» **WHAT YOU WILL DO**:
Only one stretch of the data below is wanted: the lines starting at the one with "Aoking Travel Backpack XN2619 Black" and ending at the one with "IV with sound", both included, given again exactly.

» **RECORDS TO USE**:
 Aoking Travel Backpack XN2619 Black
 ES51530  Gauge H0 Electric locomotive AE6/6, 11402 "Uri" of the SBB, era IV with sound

...

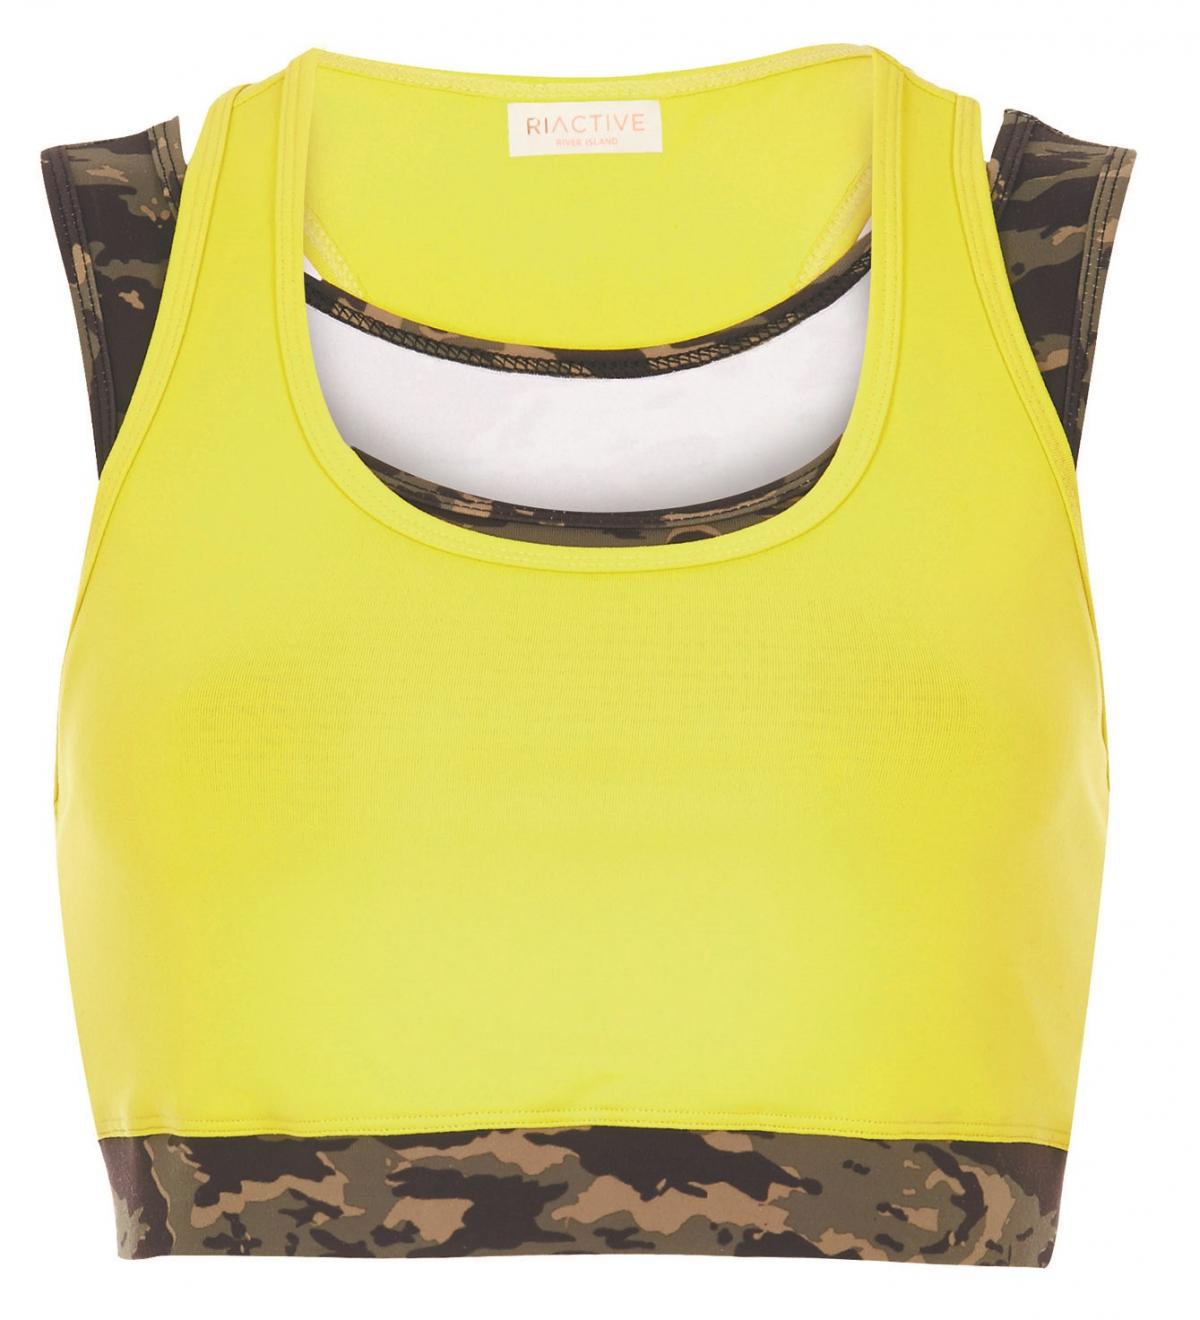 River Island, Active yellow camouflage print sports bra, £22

» **SOLUTION TO THE PROBLEM**:
 Aoking Travel Backpack XN2619 Black
 ES51530  Gauge H0 Electric locomotive AE6/6, 11402 "Uri" of the SBB, era IV with sound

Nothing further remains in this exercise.